**Data shown**:
= = = = = = =

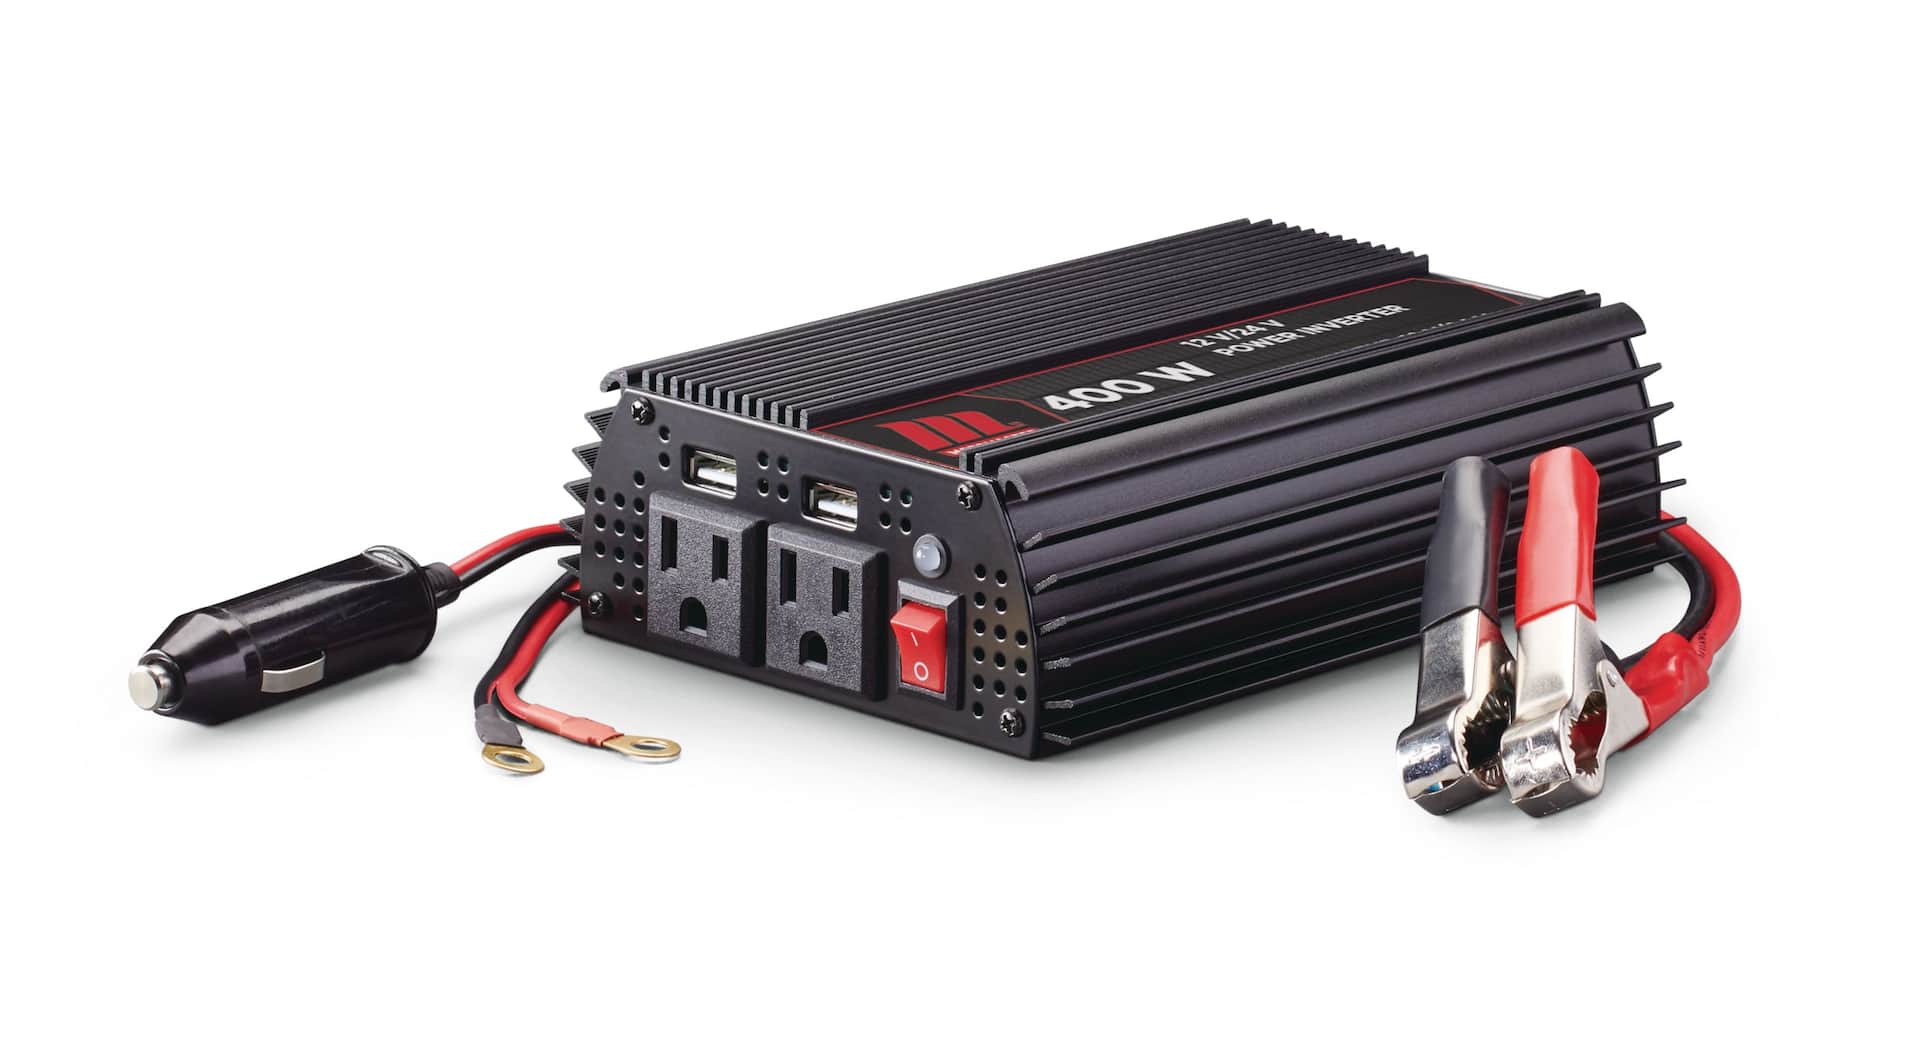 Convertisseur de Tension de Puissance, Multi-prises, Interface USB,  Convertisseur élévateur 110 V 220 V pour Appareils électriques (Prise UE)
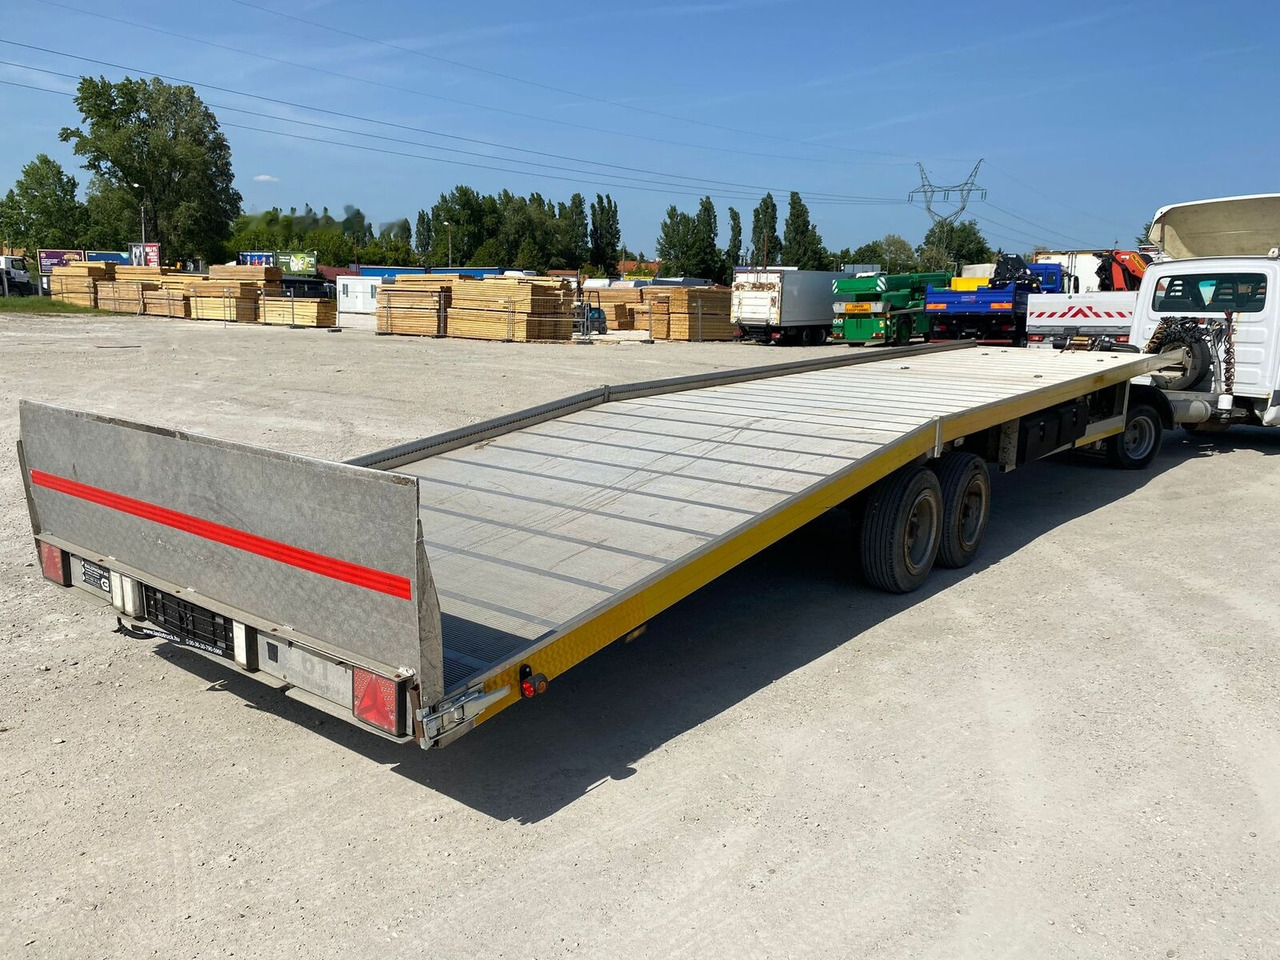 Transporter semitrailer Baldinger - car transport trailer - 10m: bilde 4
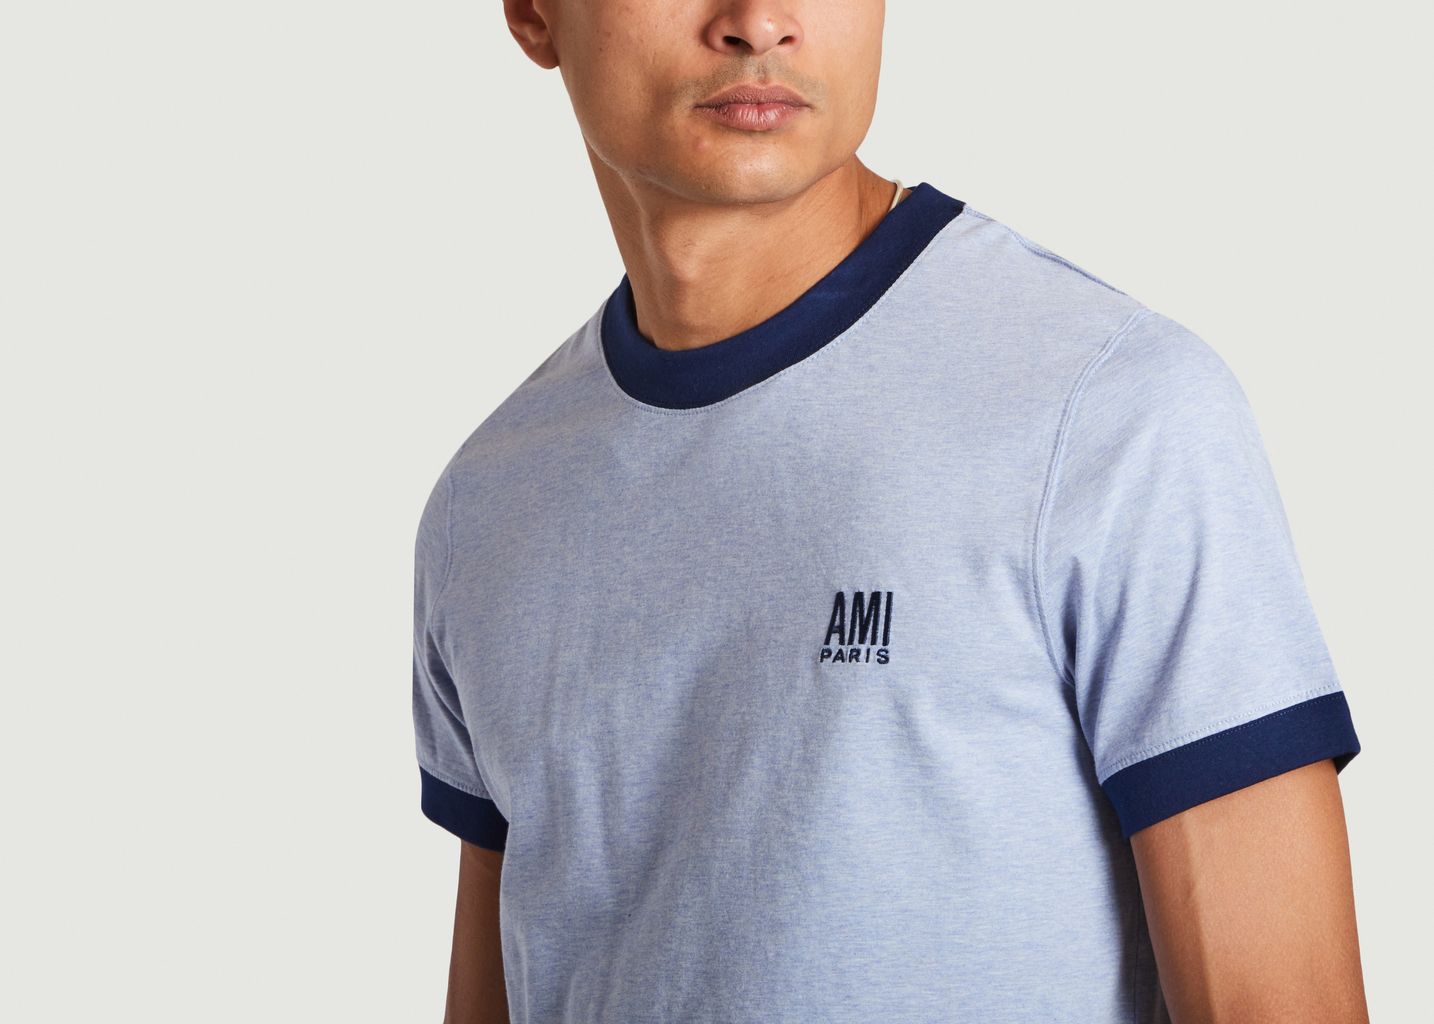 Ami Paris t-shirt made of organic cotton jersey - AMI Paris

= = = = = = =

**Instructions for the task**: Skip the pictures and write out exactly the lines from the line containing "Transporter semitrailer Baldinger" through the end of the listing above.

**Written reply**:
 Transporter semitrailer Baldinger - car transport trailer - 10m: bilde 4
 Ami Paris t-shirt made of organic cotton jersey - AMI Paris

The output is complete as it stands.